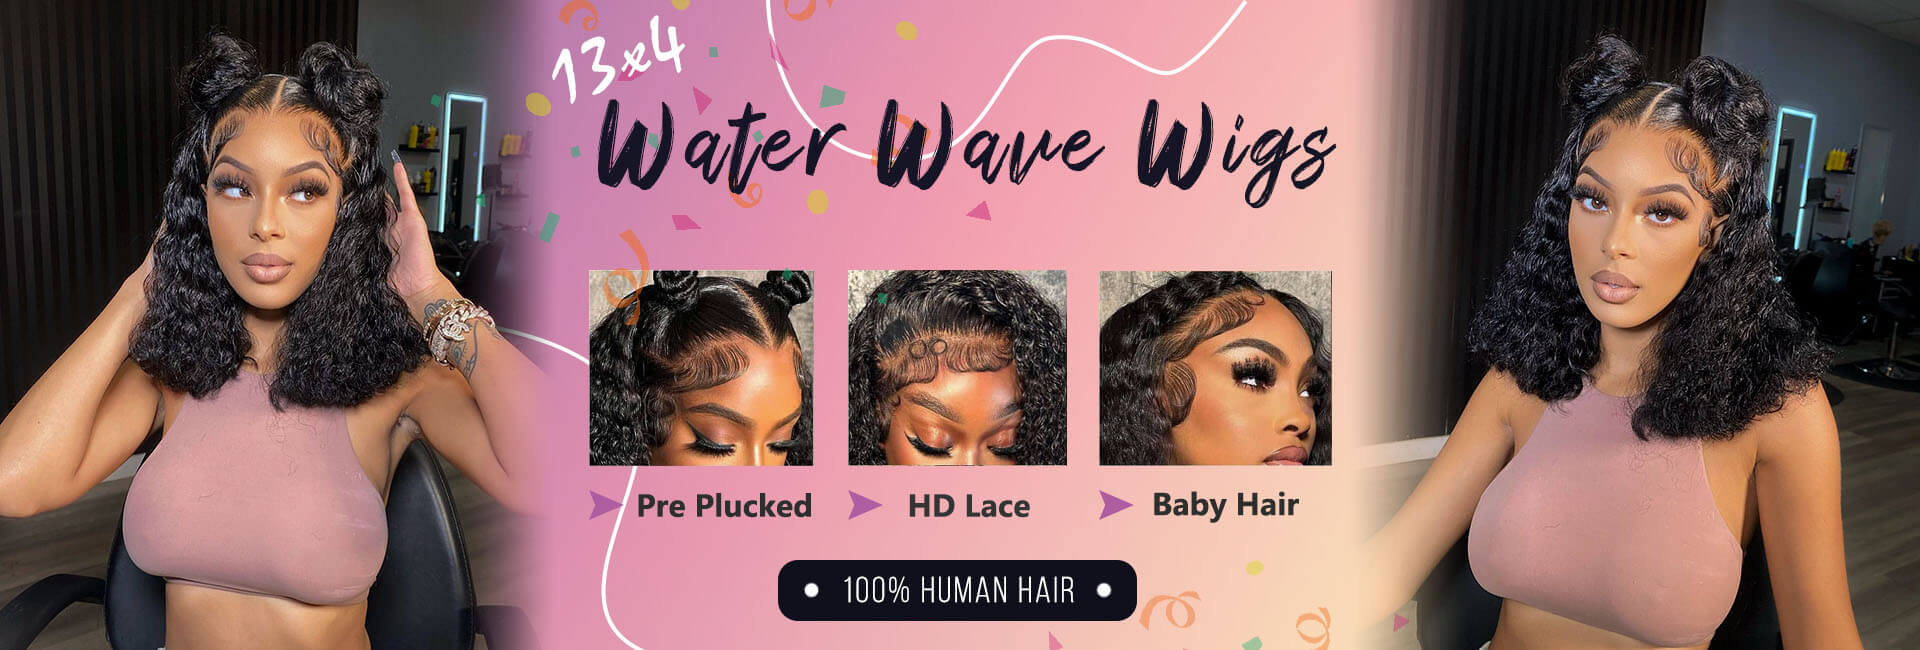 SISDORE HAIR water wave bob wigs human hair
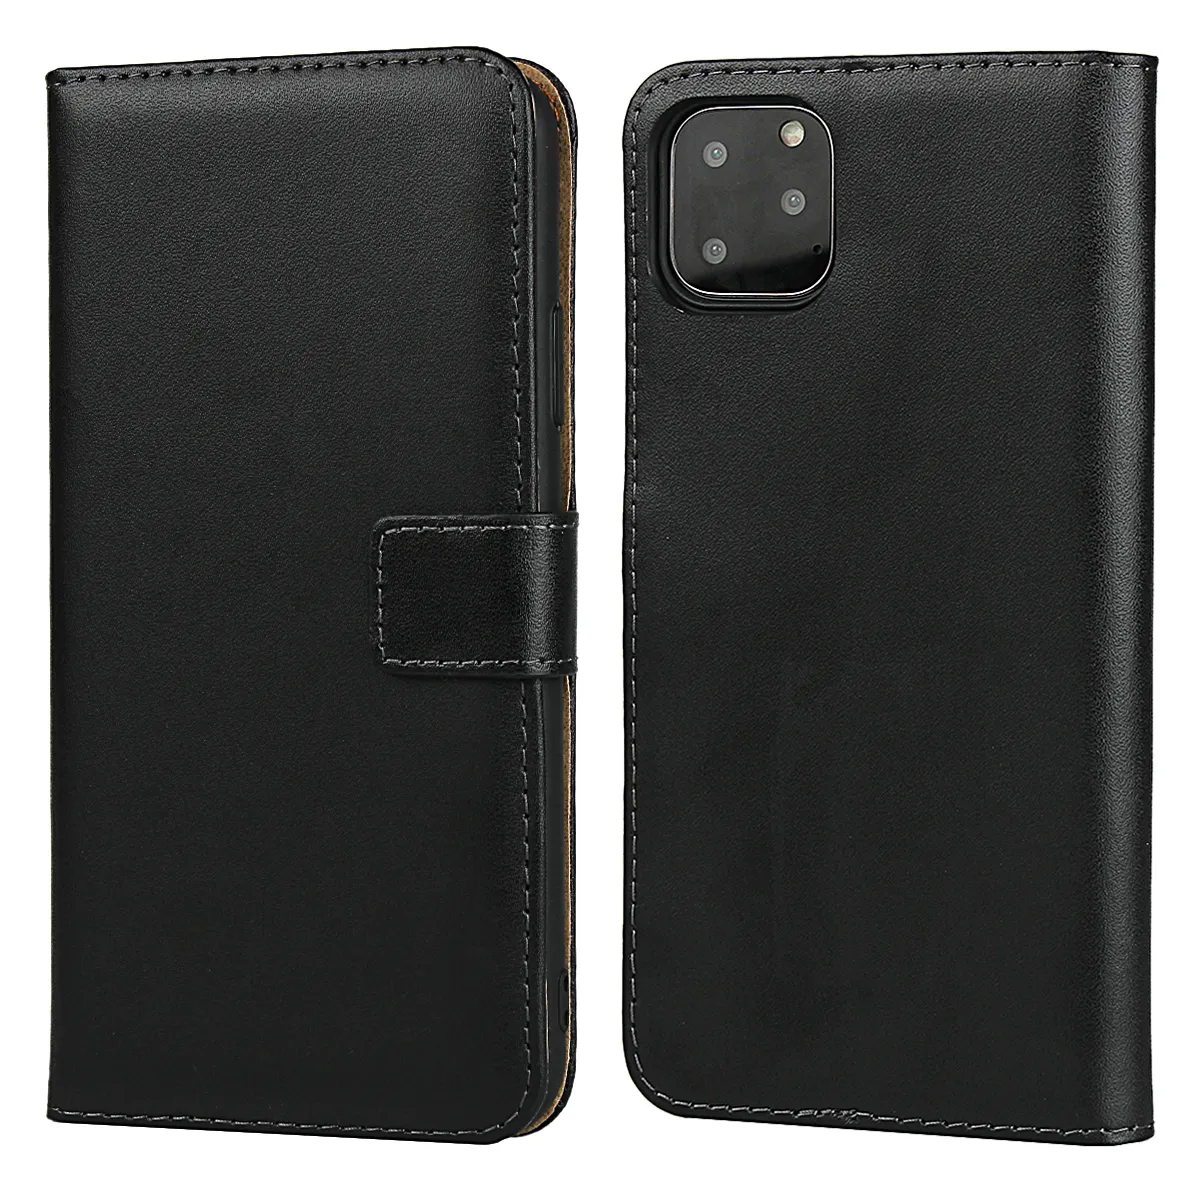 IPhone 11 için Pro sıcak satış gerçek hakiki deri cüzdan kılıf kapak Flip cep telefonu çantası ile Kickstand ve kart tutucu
...
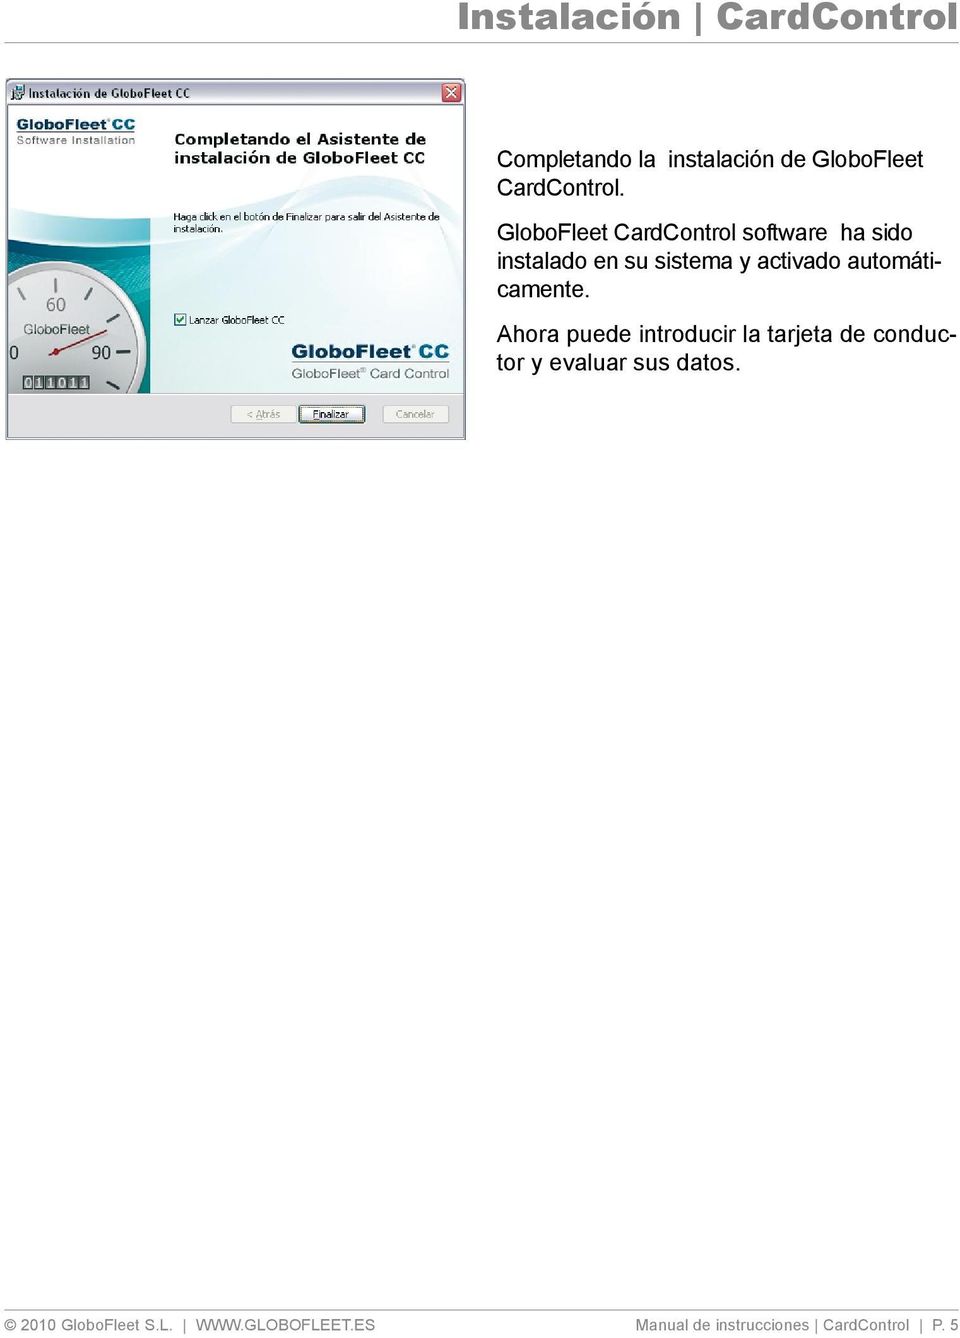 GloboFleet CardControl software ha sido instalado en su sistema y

* [WHAT THE TASK ASKS] Take the material above and output only the lines from the one that contains "SISDORE HAIR water wave bob wigs human hair" through the one that contains "IPhone 11 için", ends included and images left out.

* [YOUR SOLUTION]
 SISDORE HAIR water wave bob wigs human hair
 IPhone 11 için Pro sıcak satış gerçek hakiki deri cüzdan kılıf kapak Flip cep telefonu çantası ile Kickstand ve kart tutucu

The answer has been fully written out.